A second group of requests are recognised rights in western democracies but not in all capitalist societies, and in general they have been refused in the post 1989 European countries in the factories owned by… foreign capital : the possibility to build free trade unions and to have the right to strike. These requests were, of course, also conflicting with the former “socialist” regime’s rules; but not with socialists ideas as such in general… Both in Yugoslavia in the 1960s and in Czechoslovakia in 1968, trade unions tended to win autonomy - which was later repressed by the party in power like all autonomous movements when they became a danger for the political monopole of power. And, in Poland, the communist regime had to accept (in September 1980) the demand for free trade-union : the preparation and meeting of its congress in two phases in September 1981 was lega1…
A third group of demands were linked with specificities of the regime : the demand that factory management be selected on the basis of competence and not of the party membership ; an end to privileges for the police and party apparatchiks; and an end to ‘voluntary’ Saturday working…
The fourth group of demands could be put forward in a capitalist society, but rarely accepted : the demand of access to the mass media for all; the publication of the strikers’ demands in the mass media; freedom of access to information about the economy…
But the main demands would be in essence much conflicting with a capitalist logics: they ask for the involvement of the whole population in the debate on the economic situation and the reform to answer to the crisis …
This was even more expressed as a global orientation, in the program adopted at the democratic impressive congress organised one year later. Obviously different currents and conflicting views were expressed which reflects a normal democratic and massive assembly which took the dynamics of a quasi political “constituent assembly”. What kind of society did it want to establish ?
The simple presentation of the 21 demands already stress the sharp contrasts between the social expectations for social protection and gains and democratic control on economic decisions of those millions of workers in strike in 1980 and the content of the 1989?s shock therapy and privatisations. The fact that the 21 demands did not ask for privatisations – but the opposite logics, is rarely said.
As is rarely quoted the Congress adopted program. It was not a marginal issue : first the workers had win a legality and therefore could really organize the congress democratically not at all in a clandestine way : as international observers could see, a social and political second power within the whole society was already functioning. A political and social program for the whole society was elaborate during several days in the two sessions of September 1981 by several hundreds of delegates under the control of 80% of the organized Polish labour force : direct socially managed TV broadcast permitted to watch the debates of the congress within the factories in the whole Poland ; the rank and file workers were democratically controlling their delegates…
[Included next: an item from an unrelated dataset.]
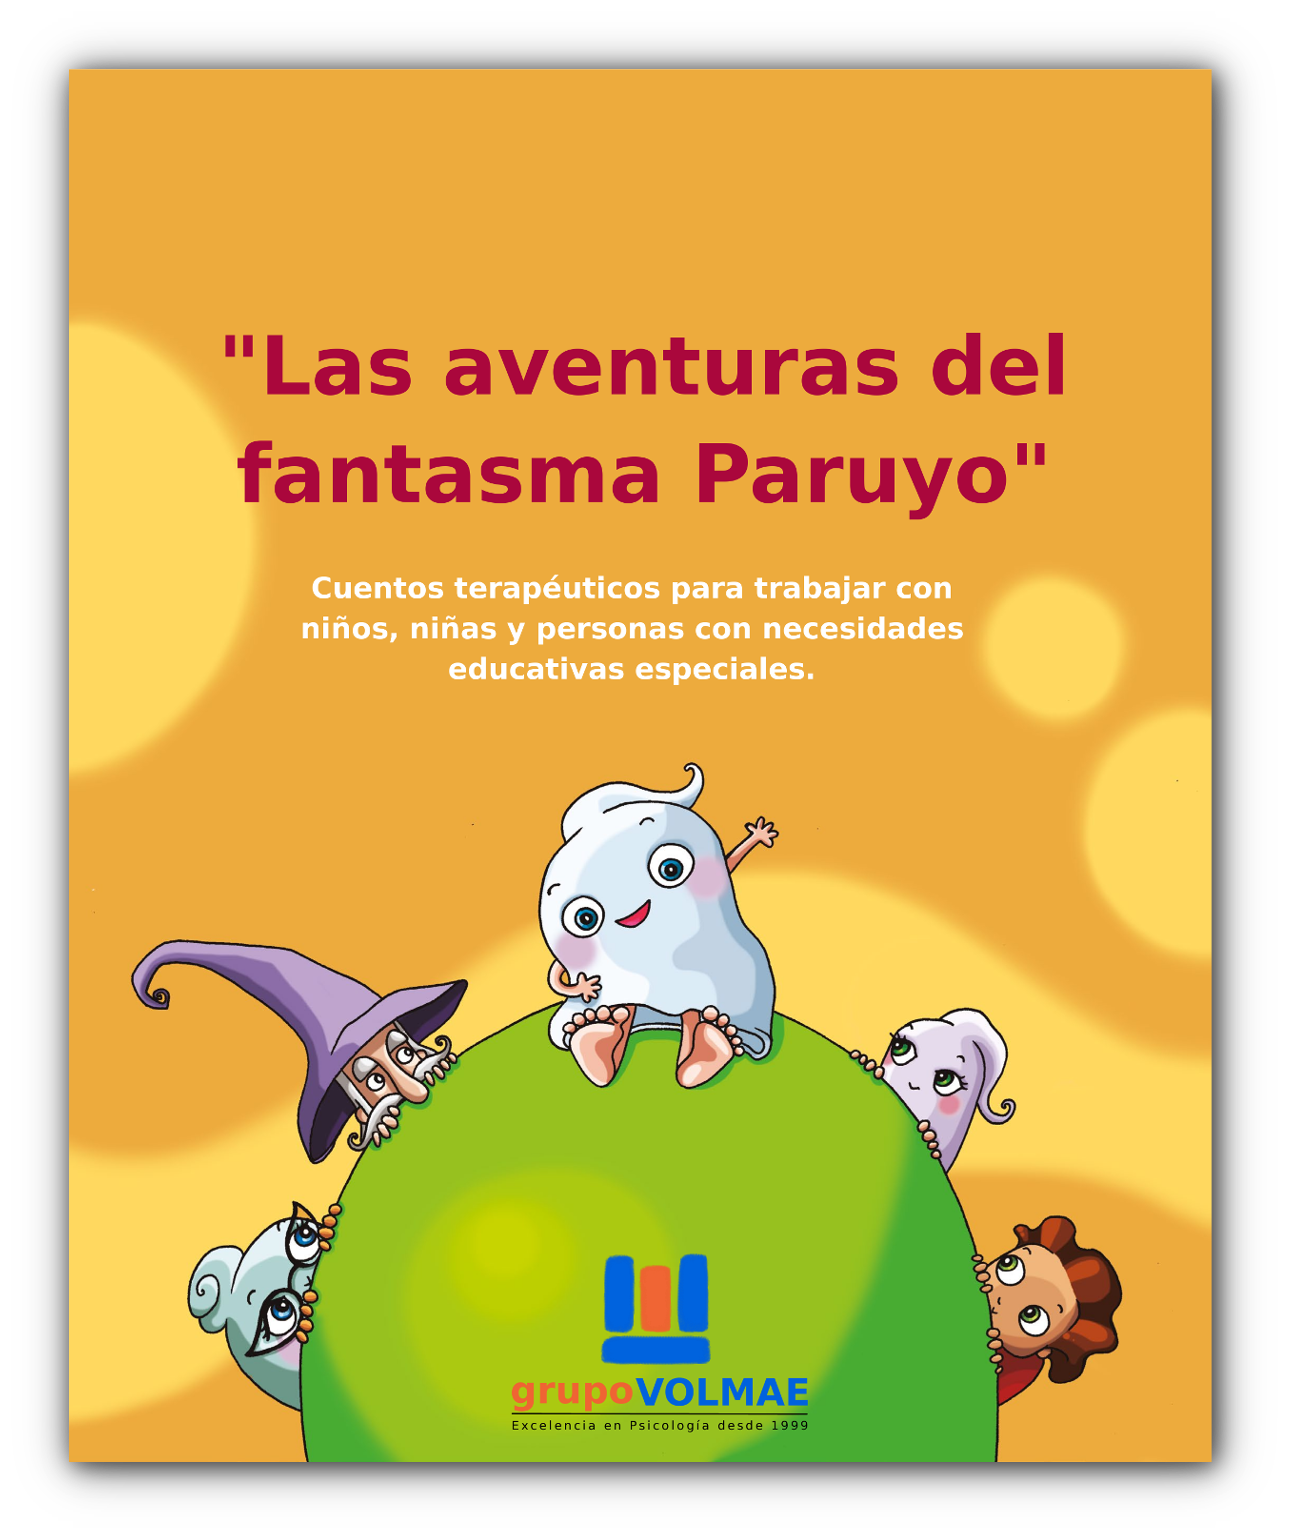 Paruyo 1

But what was adopted by that significant democratic congress ? How is it related to 1989 ? Let us look at Wikipedia’s article on Solidarity in English, for instance. It presents the whole Polish events as led by “anti-soviet” currents and the Church – and as the beginning of “anti-communist revolutions” in 1989 and concludes : “Solidarity’s influence led to the intensification and spread of anti-communist ideals and movements throughout the countries of the Eastern Bloc, weakening their communist governments”. The defeat of the “communist” candidates in 1989 elections in Poland “sparked off a succession of peaceful anti-communist revolutions in Central and Eastern Europe known as the Revolutions of 1989 (Jesie? Ludów).” Is not that the dominant presentation still done of Solidarnosc ? Without a single quotation of those supposed “anti-communist ideals”. Nothing about the 21 demands. Nothing about the program of the congress…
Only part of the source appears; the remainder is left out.